## Supplied material
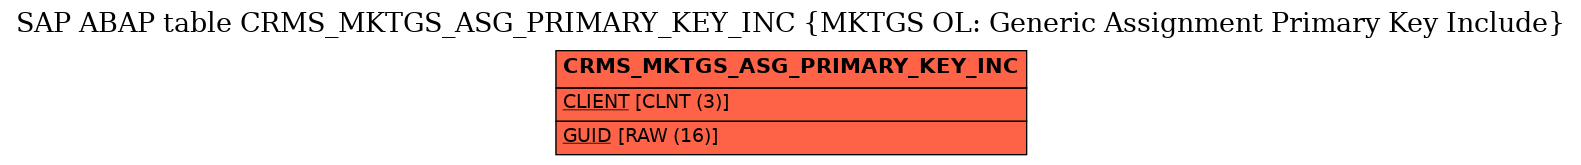 E-R Diagram for table CRMS_MKTGS_ASG_PRIMARY_KEY_INC (MKTGS OL: Generic Assignment Primary Key Include)
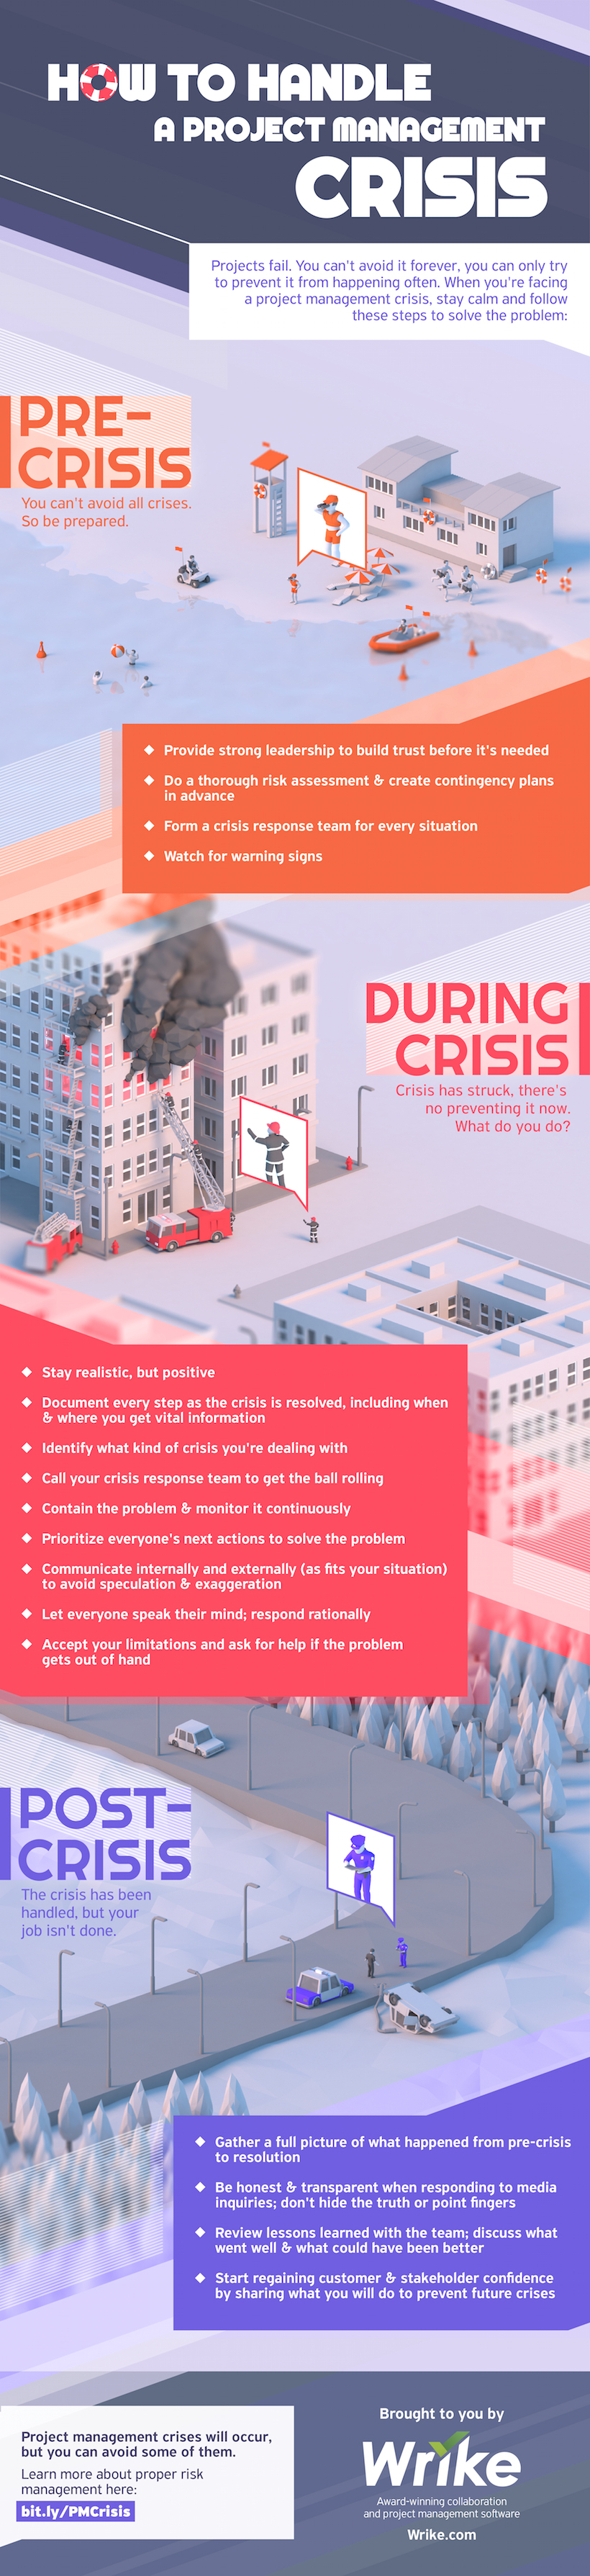 How to Handle a Project Management Crisis (Infographic)
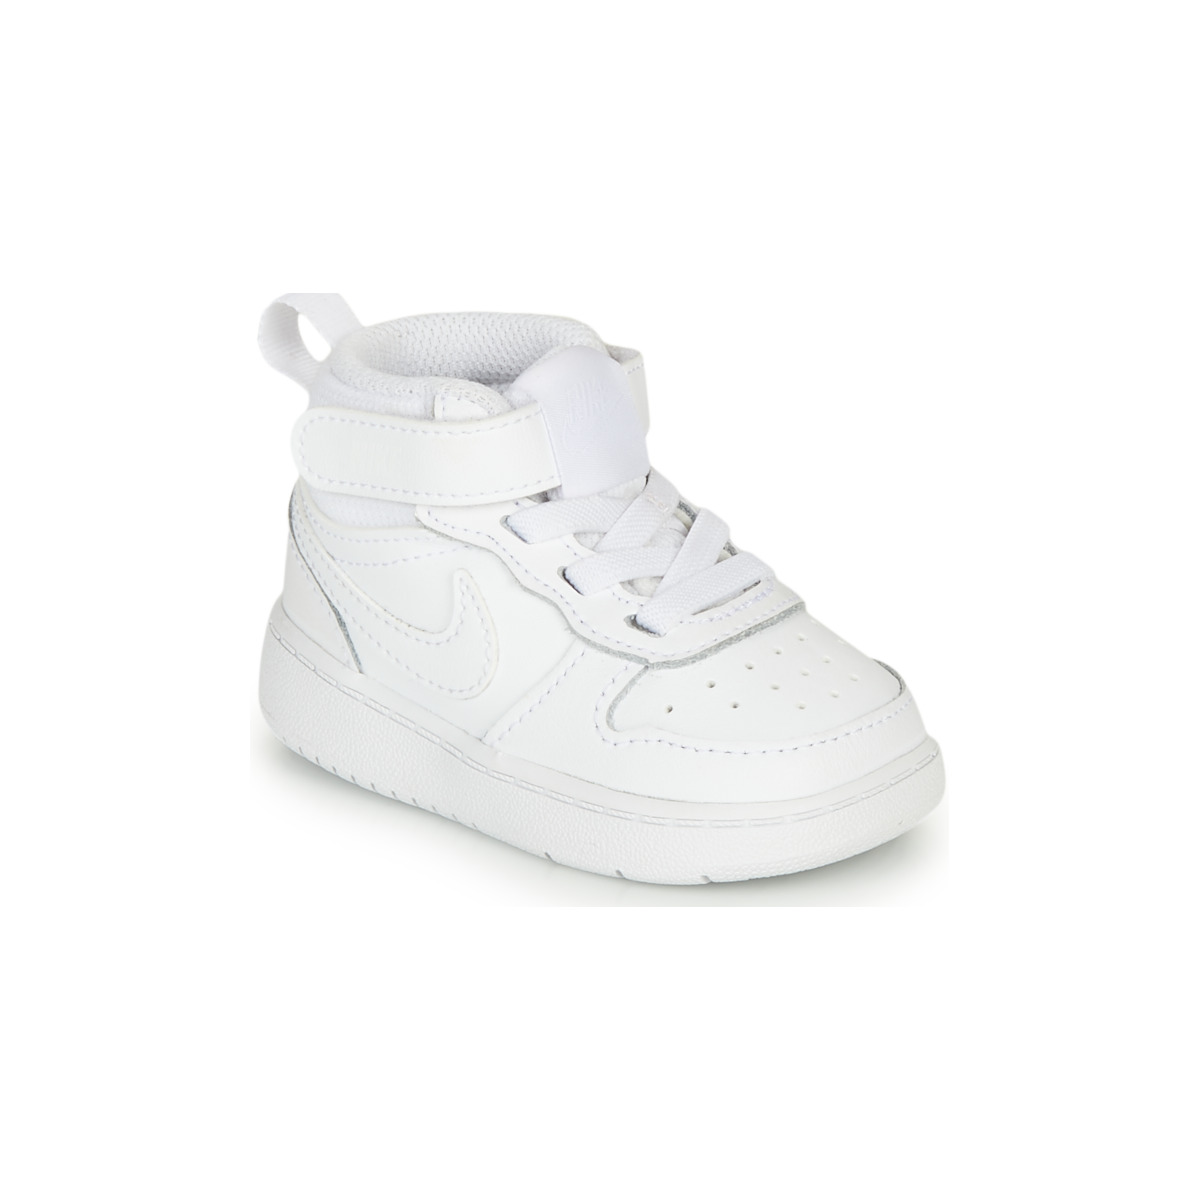 Nike Court Borough Mid 2 Td White Free Delivery Spartoo Net Shoes Low Top Trainers Child Usd 48 00

## Task details
Give every line above again exactly, with no pictures.

## Output of the exercise
 E-R Diagram for table CRMS_MKTGS_ASG_PRIMARY_KEY_INC (MKTGS OL: Generic Assignment Primary Key Include)
 How to Handle a Project Management Crisis (Infographic)
 Nike Court Borough Mid 2 Td White Free Delivery Spartoo Net Shoes Low Top Trainers Child Usd 48 00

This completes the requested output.